Grinding the rapeseeds in glass introduced some metals to the rapeseeds, namely, sodium, chromium, zinc, and lead. This may be due to metals sticking to the glass in small quantities, despite acid washing prior to use. However, we have still shown that biodiesel is not produced after grinding rapeseed shells in glass and then refluxing. This further proves that chromium, while present, does not complex with the lignin within the rapeseed shells. The same is likely true of zinc and lead. The biodiesel itself was shown to have significantly lower metal concentrations than the untreated rapeseeds for magnesium, aluminum, iron, nickel, and zinc. Furthermore, there was no significant change in concentration for chromium, manganese, or lead. The methanol also did not hold onto metal, indicating that the shells themselves hold onto the metals, avoiding affecting the quality of the biodiesel via the mechanical milling method.

4. Conclusions

We have discovered that the catalytic support within the seed shells is lignin, which is activated by metals, manganese and iron, in the canister during ball milling. This process produces biodiesel with yields of up to 90% for lignin within rapeseeds and sunflower seeds and yields up to 75% for valorized lignin due to the increased heterogeneity of the lignin. ICP-MS showed that ball milling and grinding with stainless steel introduces metals to rapeseed shells, and the shells retain the metals after transesterification with methanol and oil. Specifically, the lignin within the rapeseed shells retains manganese and iron, complexing with them and thus providing catalytic activity during milling or refluxing.
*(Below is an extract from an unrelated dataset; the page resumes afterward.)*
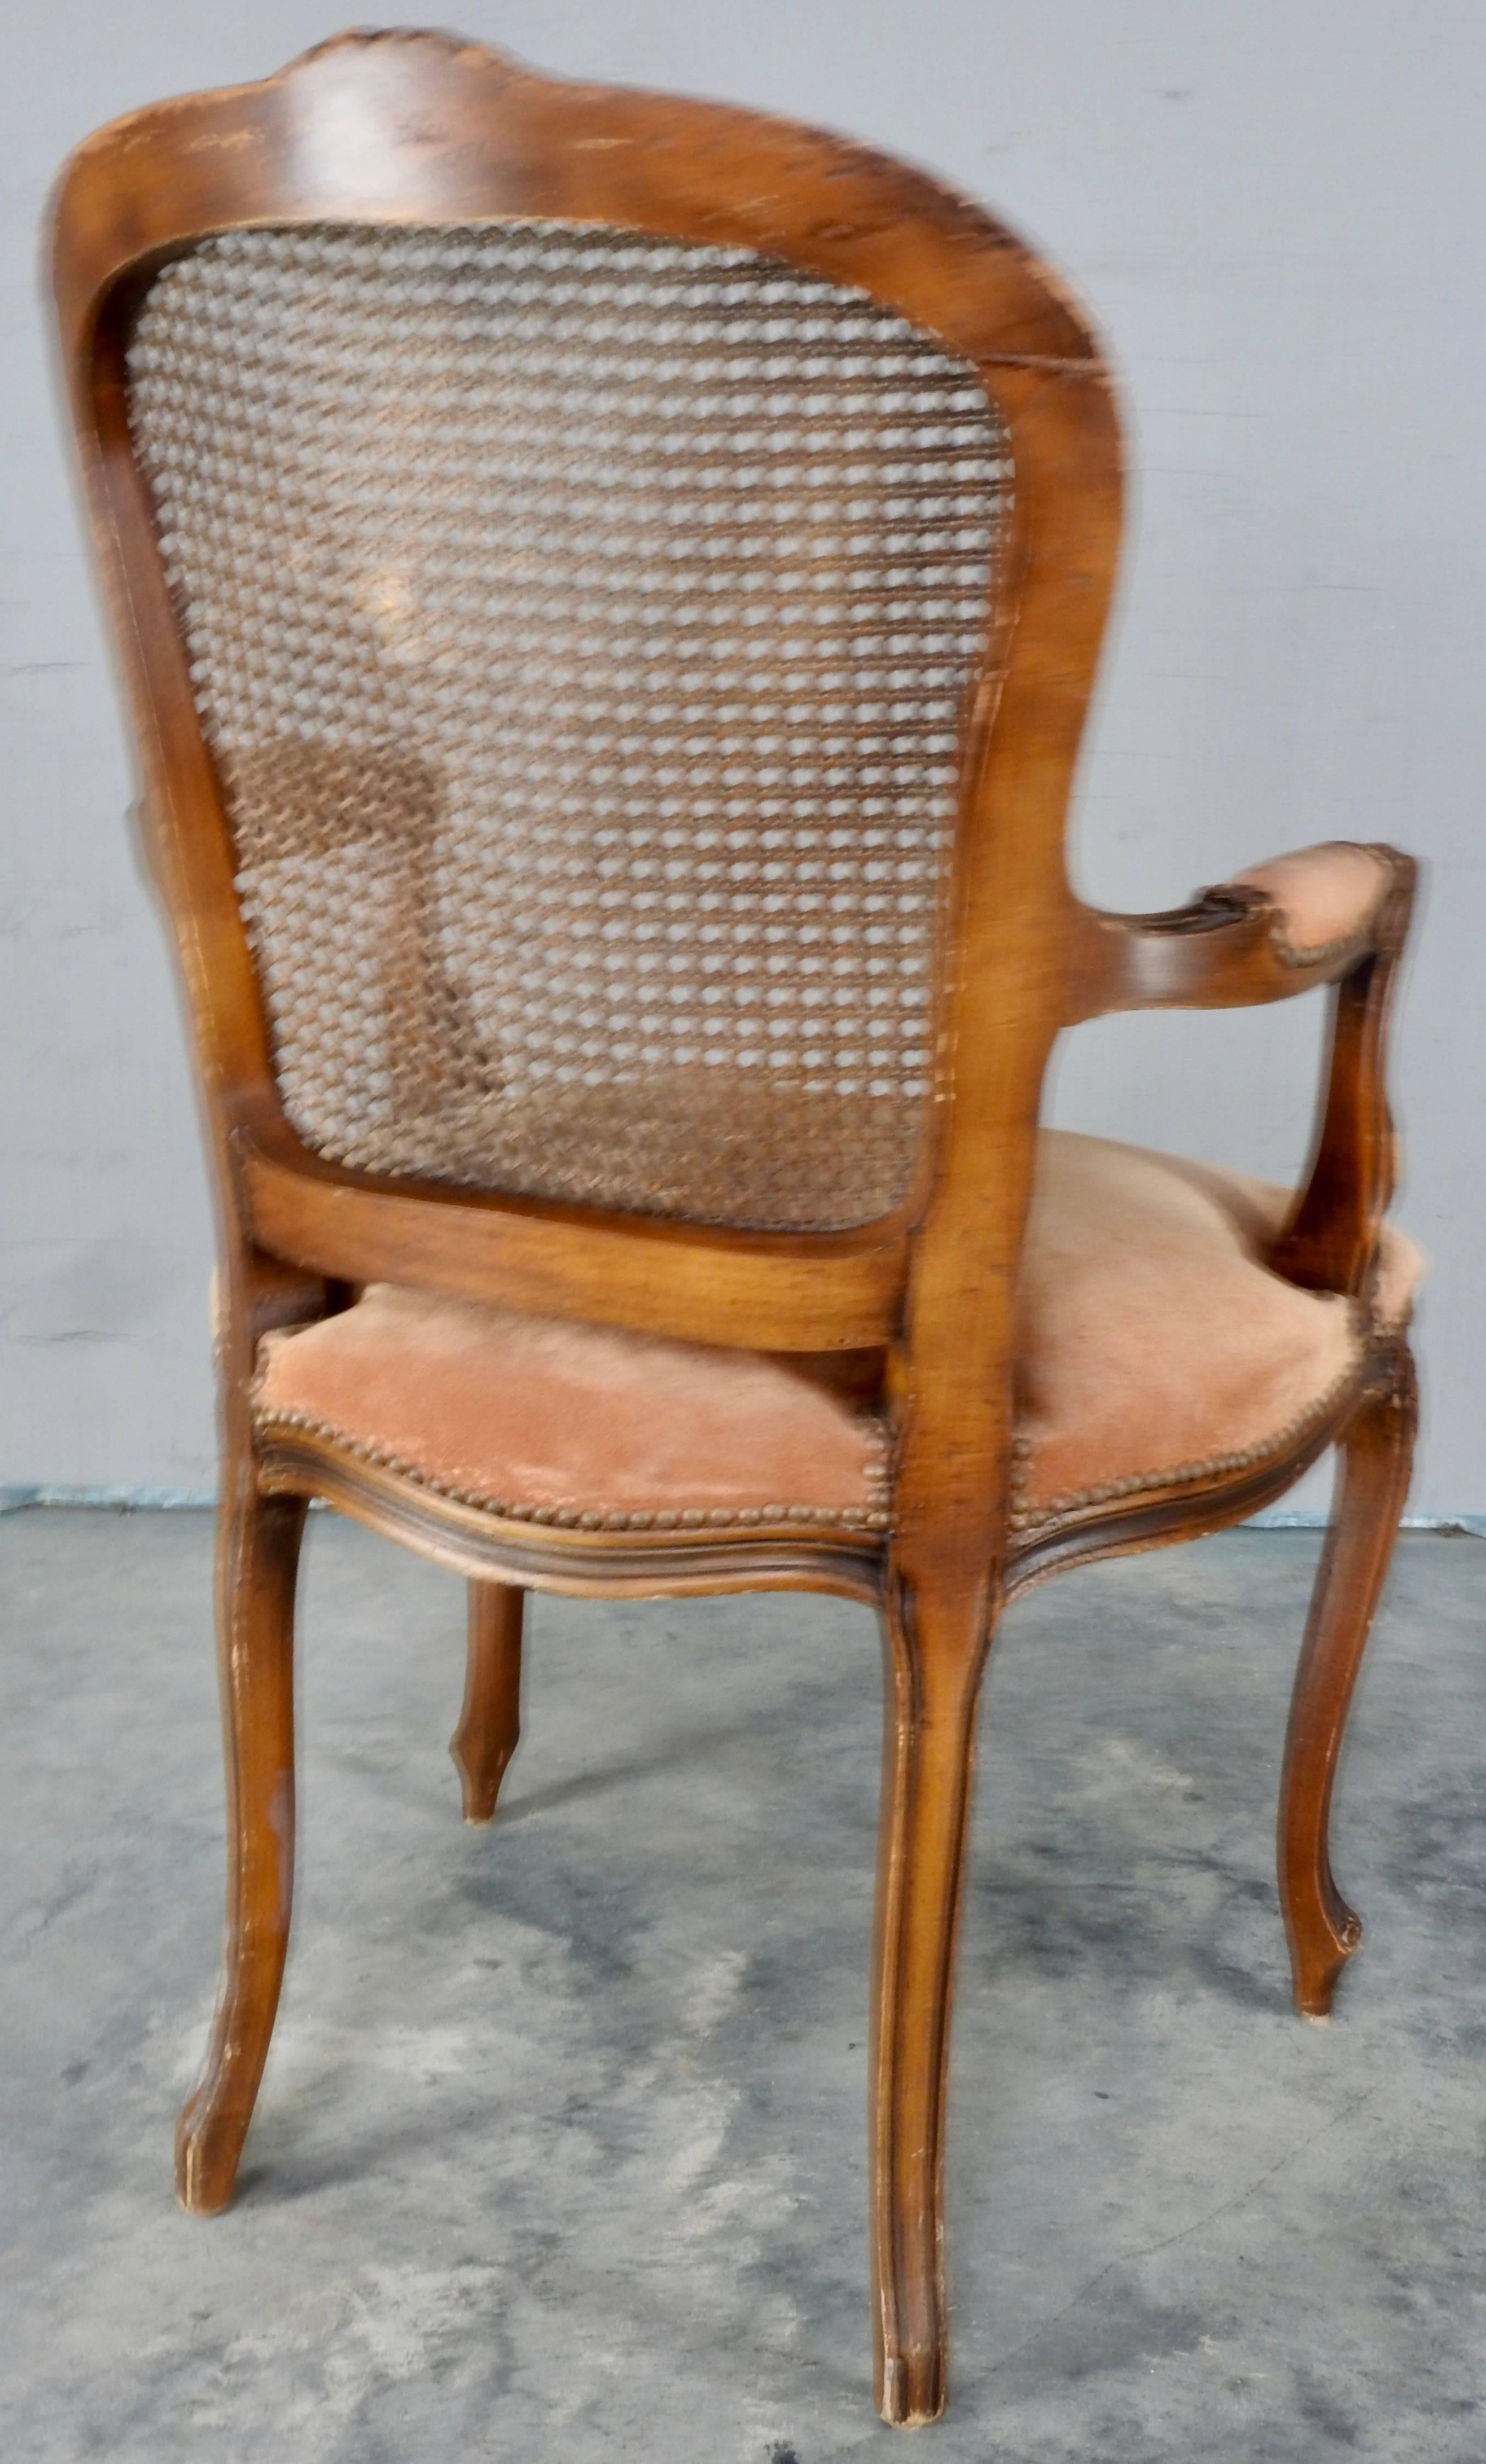 A caned back accents the back of this fauteuil from the 19th century in France. The seat has been covered in suede which is not original to the chair. The wood is carved with elegant flowers. Scrolled arms have suede arm rests. Bronze tacks finish

This complexation is expected to occur through acidic sites within lignin that are exposed via mechanical force. Initial scale up and energetic considerations have been investigated in [35] with the use of a planetary ball mill, which requires longer milling times but less energy consumption in comparison to the high-energy ball mill used in this study.